- Problem details: Leaving out every picture, copy the lines of the material below exactly, from the line containing "1869 Grand Dictionnaire" through the line containing "sculpture gardens loll chair".

- Exercise material:

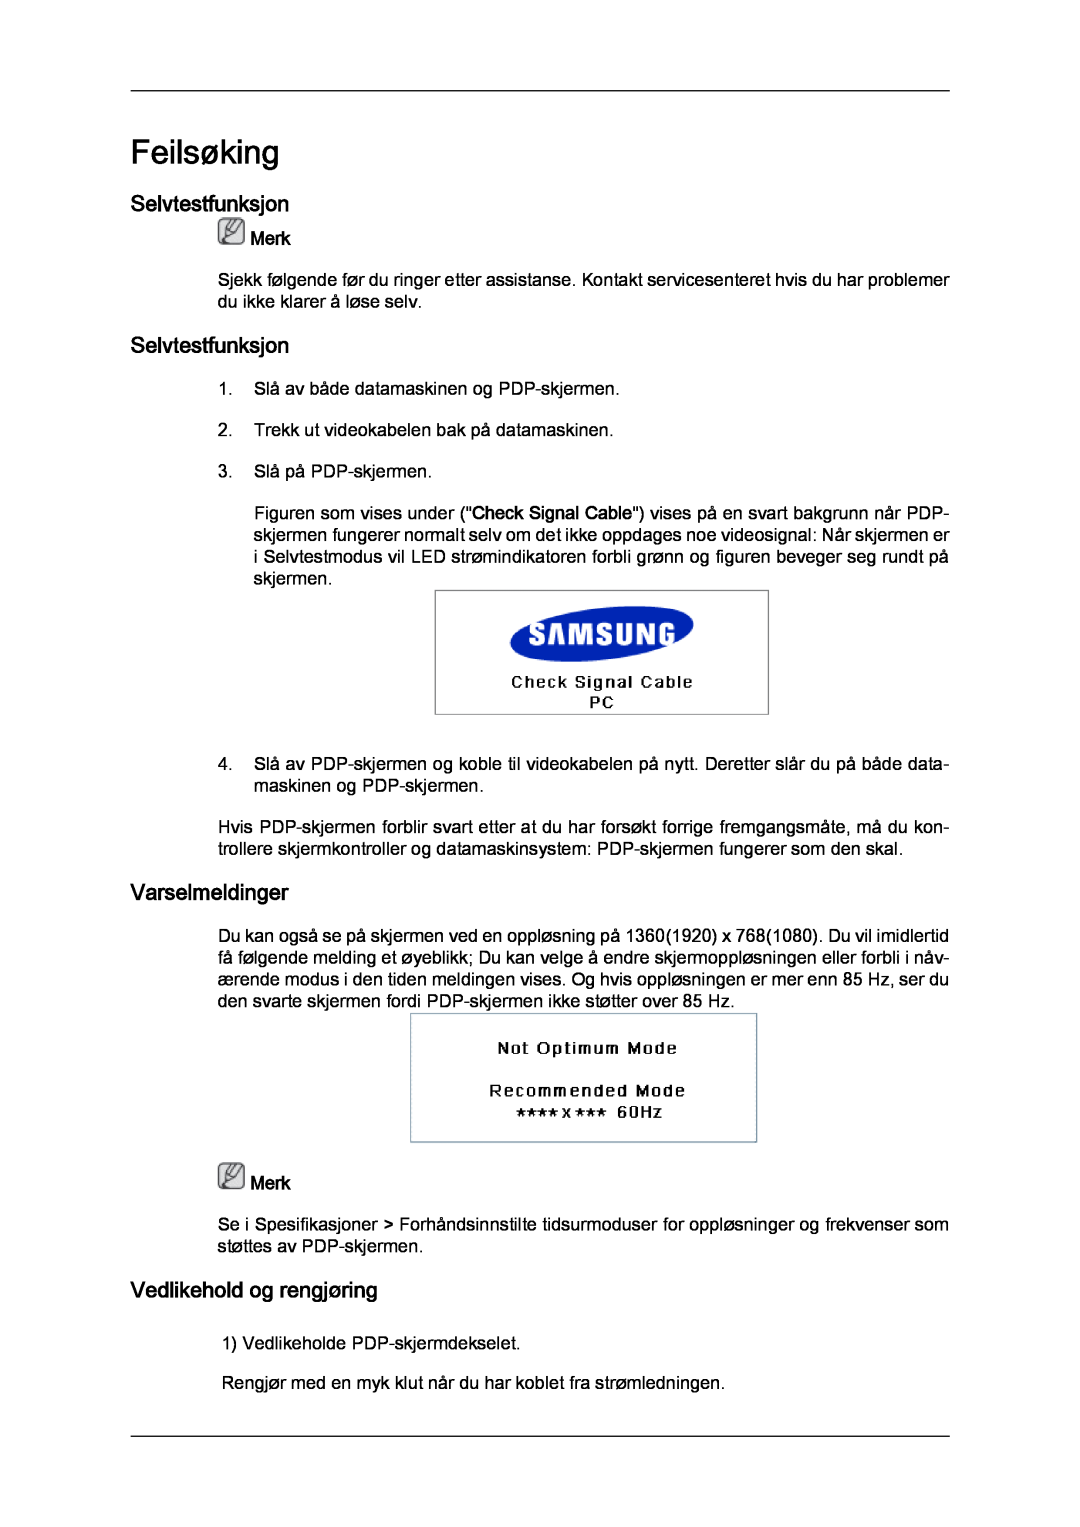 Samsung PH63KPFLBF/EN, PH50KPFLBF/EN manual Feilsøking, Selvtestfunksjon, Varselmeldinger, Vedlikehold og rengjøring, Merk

==

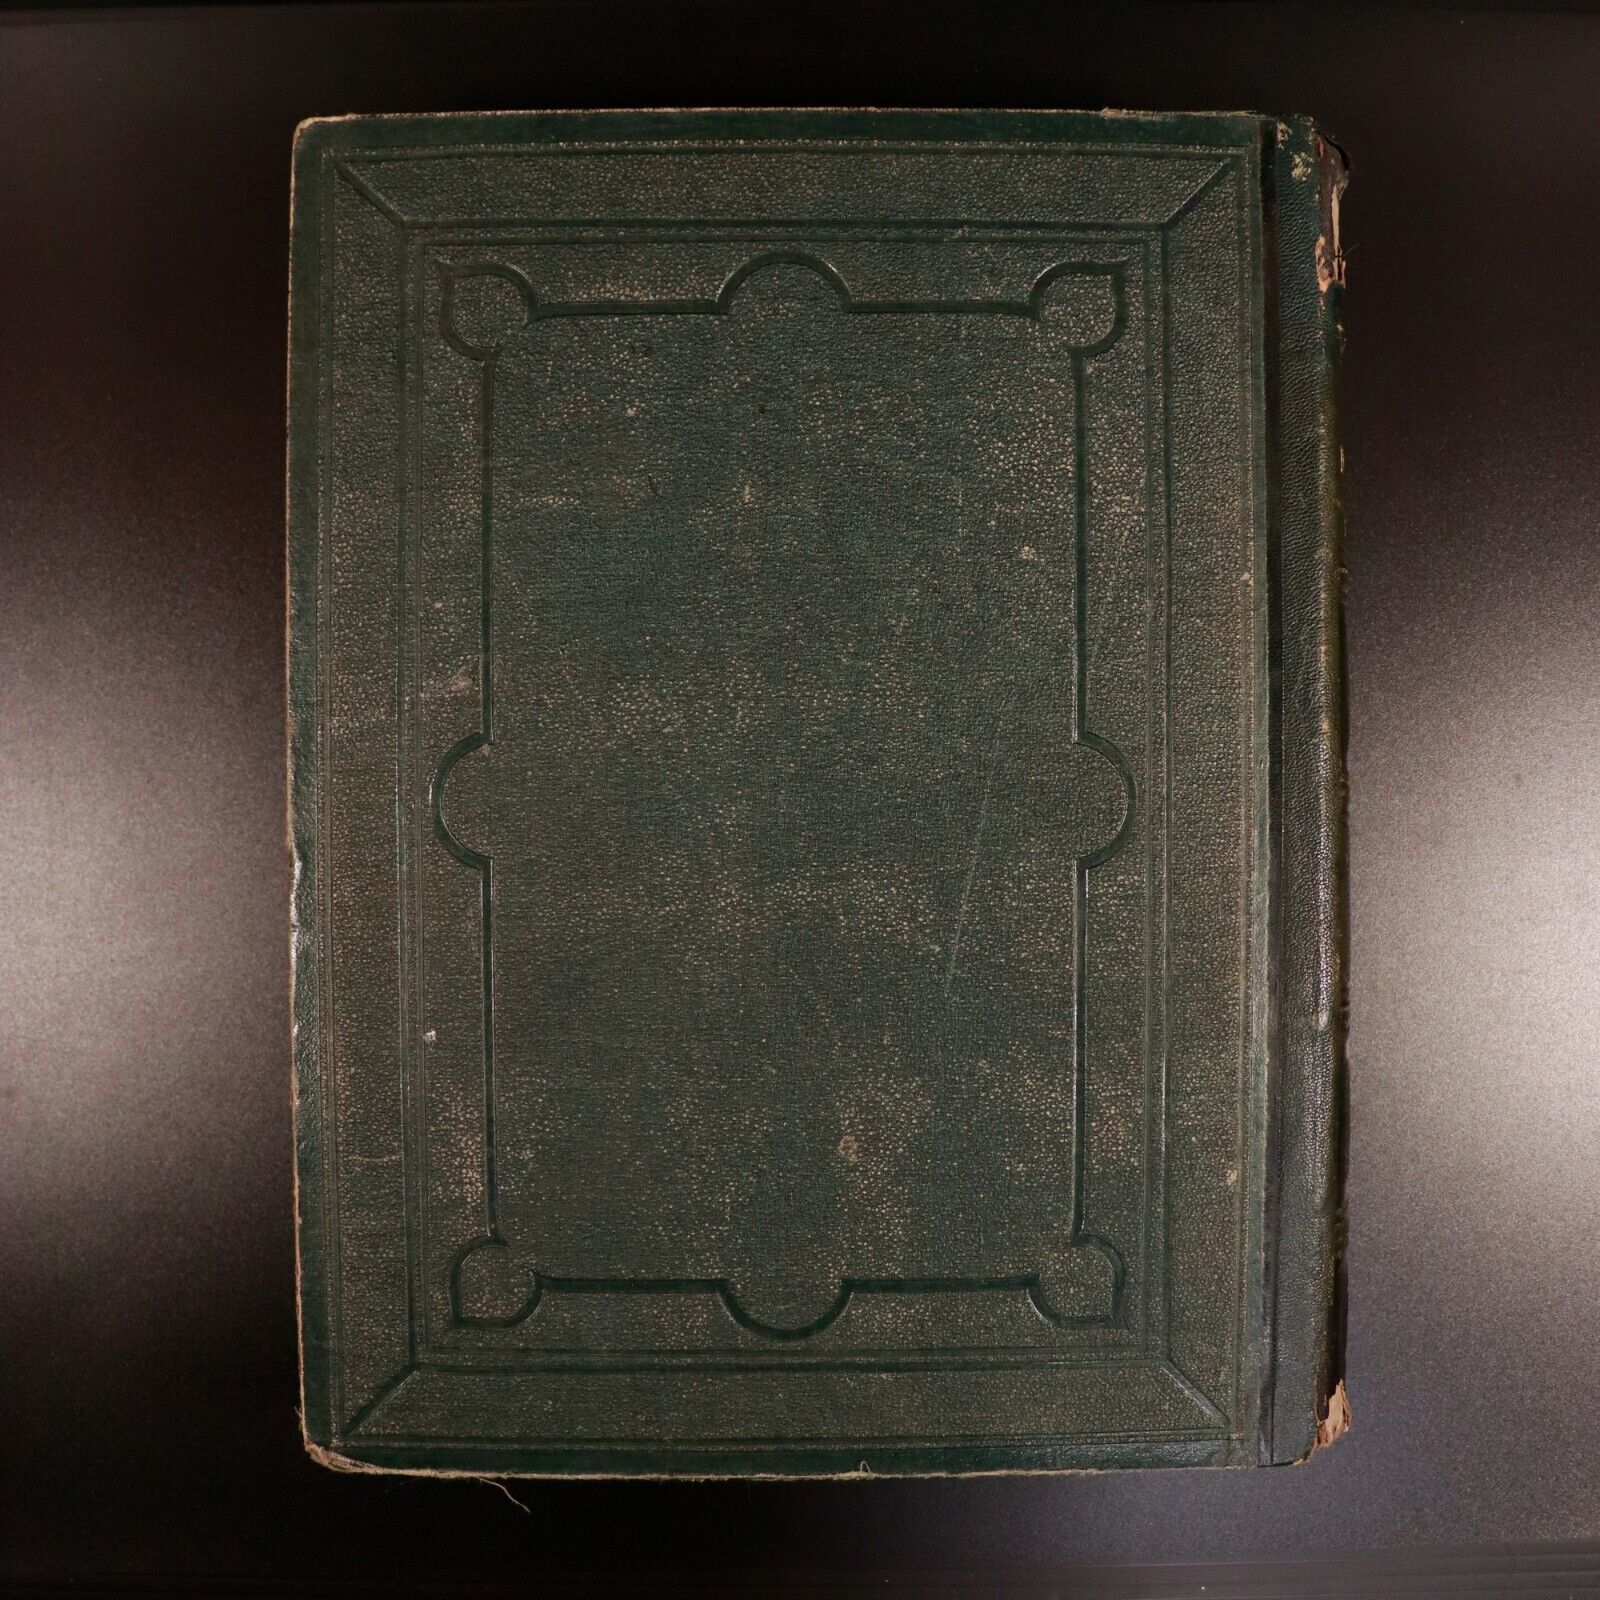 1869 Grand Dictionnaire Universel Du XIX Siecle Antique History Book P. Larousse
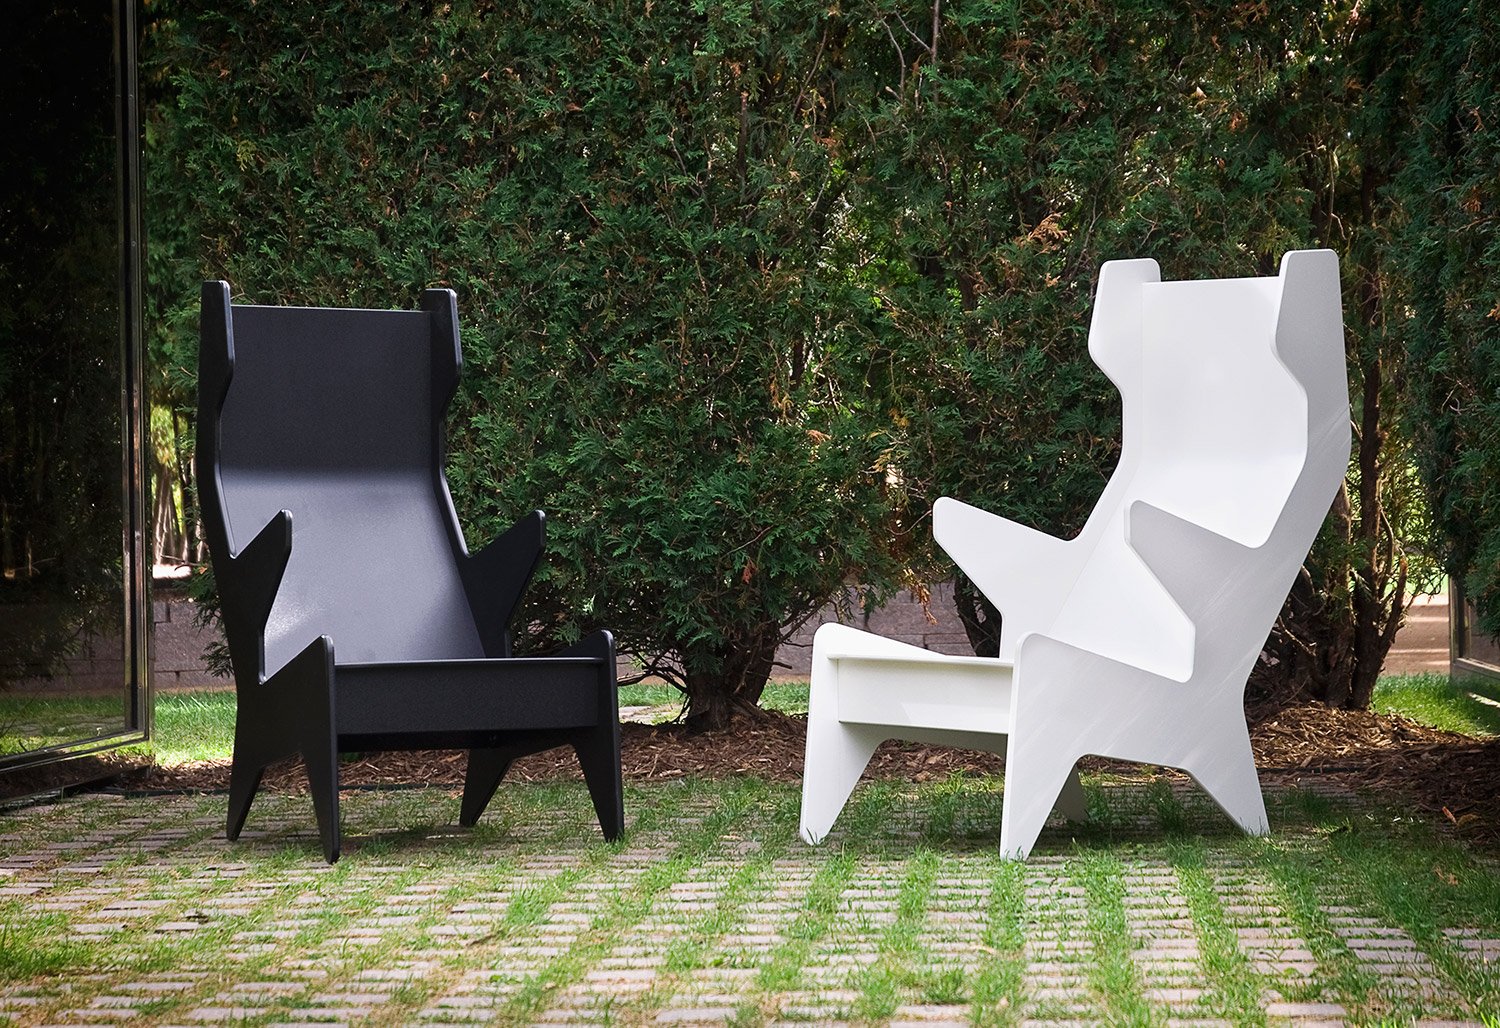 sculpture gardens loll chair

- Finished exercise:
 1869 Grand Dictionnaire Universel Du XIX Siecle Antique History Book P. Larousse
 sculpture gardens loll chair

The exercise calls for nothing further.